Paris Hit by Massive Protest against Macron’s Labor Reforms

Story Code : 671554
Demonstrators hold a banner reading, "Against the social coup d’état" during a protest over the president’s labour reforms in Paris
Demonstrators hold a banner reading, "Against the social coup d’état" during a protest over the president’s labour reforms in Paris
“The battle is not over, it’s just beginning,” far-Left leader Jean-Luc Mélenchon told cheering supporters at a rally on the Place de la République which march organizers said gathered 150,000 people but which police said had drawn just 30,000.
 
The centrist president formally signed the labor decrees - making hiring and firing easier and giving companies more power over working condition - on Friday in a ceremony broadcast live on television.

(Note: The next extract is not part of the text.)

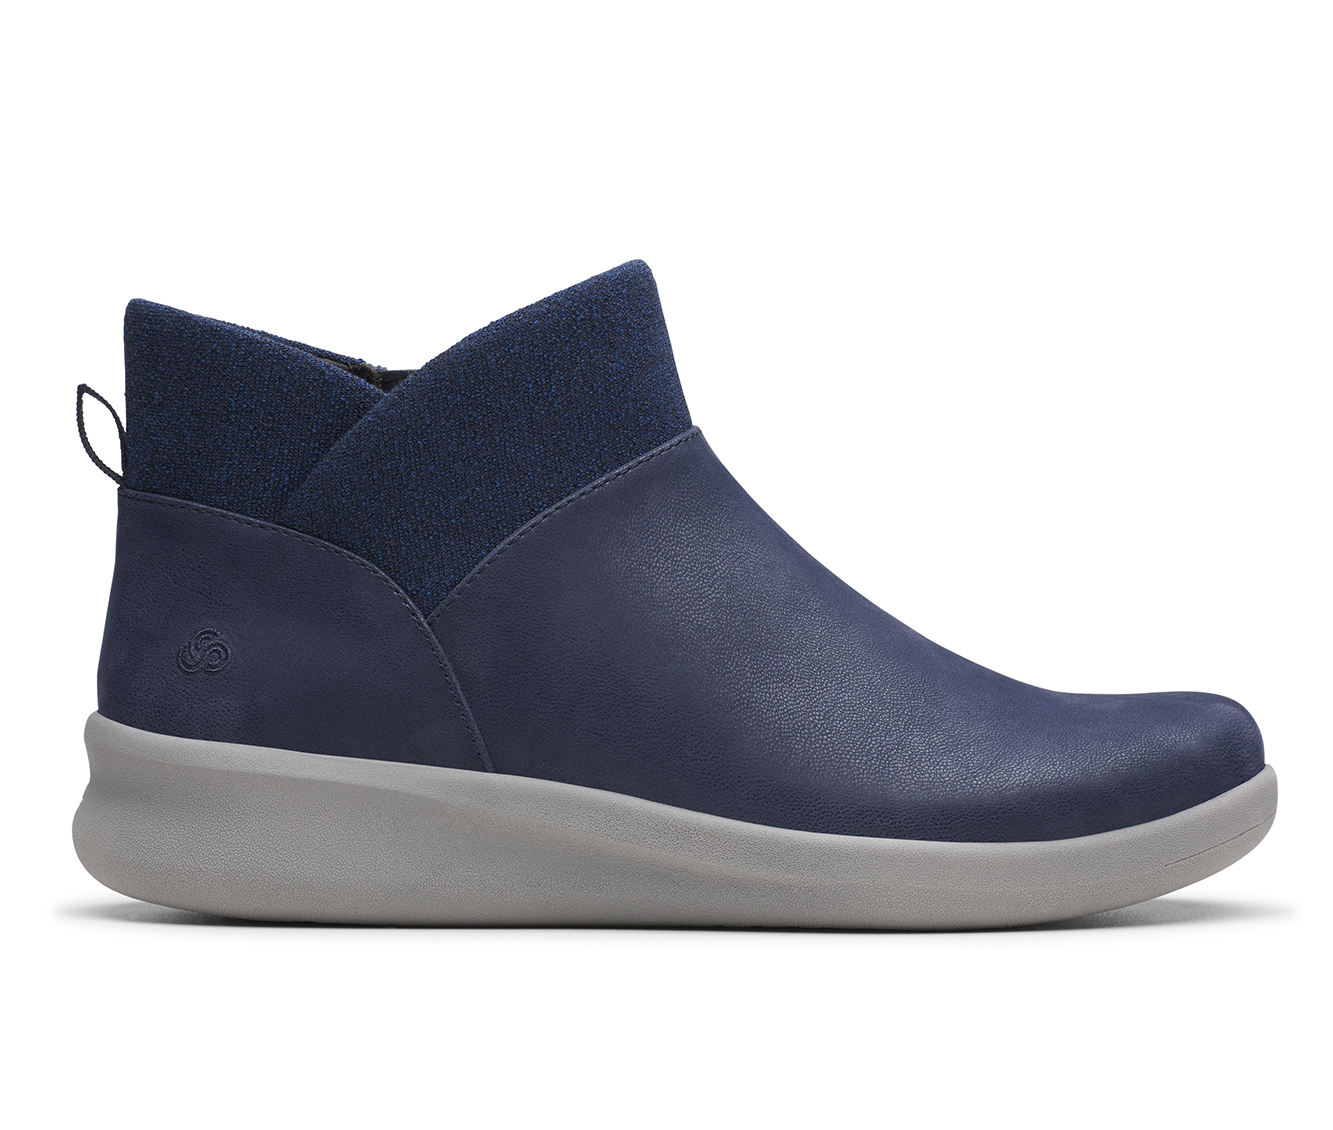 Clarks Sillian 2.0 Dusk Women's Boot (Blue Canvas)
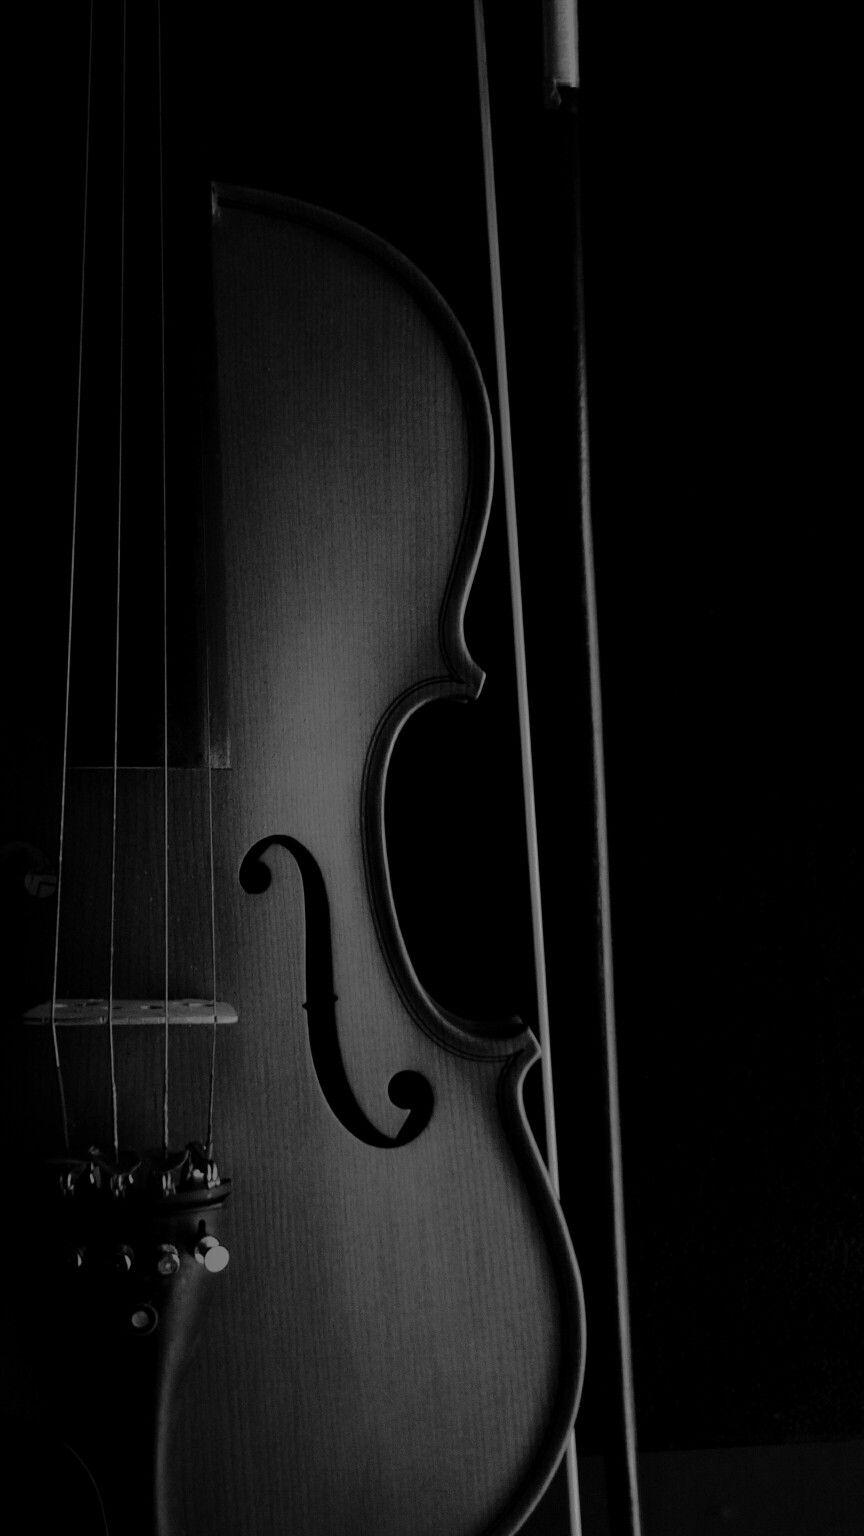 Pin By Dallascowboysgirl 82 On Photography Violin Art Music Wallpaper Black And White Wallpaper

The decrees also reduce French unions’ influence over workplace rules
 
Macron argues that the changes - the cornerstone of his program aimed at boosting entrepreneurship - will help bring down France’s stubbornly high unemployment, which at 9.6 percent is double that of Britain or Germany.
 
The protesters are also angry that Macron used a special procedure allowing the government to change labor law by executive order instead going through a lengthy debate to pass a bill in parliament.
 
Macron lauded the “unprecedented wave of changes” to France’s social model, along with changes to unemployment benefits and a training plan for jobless people that will be set up next year.
 
The march on Saturday - which came just two days after 130,000 people demonstrated across France - was seen as test of whether resistance to Macron’s reforms was holding up or would fizzle out. Saturday’s demonstration further reflected wider frustration with the new French president’s leadership.
 
Mélenchon's France Unbowed party was also hoping for a show of force to reinforce its credentials as Macron's strongest political opponent.
 
Earlier, marchers stretched along Paris boulevards waving French tricolor flags, union banners and signs reading “Macron, Resign!”
 
“It’s the street that brought down the kings. It’s the street that brought down the Nazis,” said Melenchon, who is trying to position himself as France’s main opposition figure.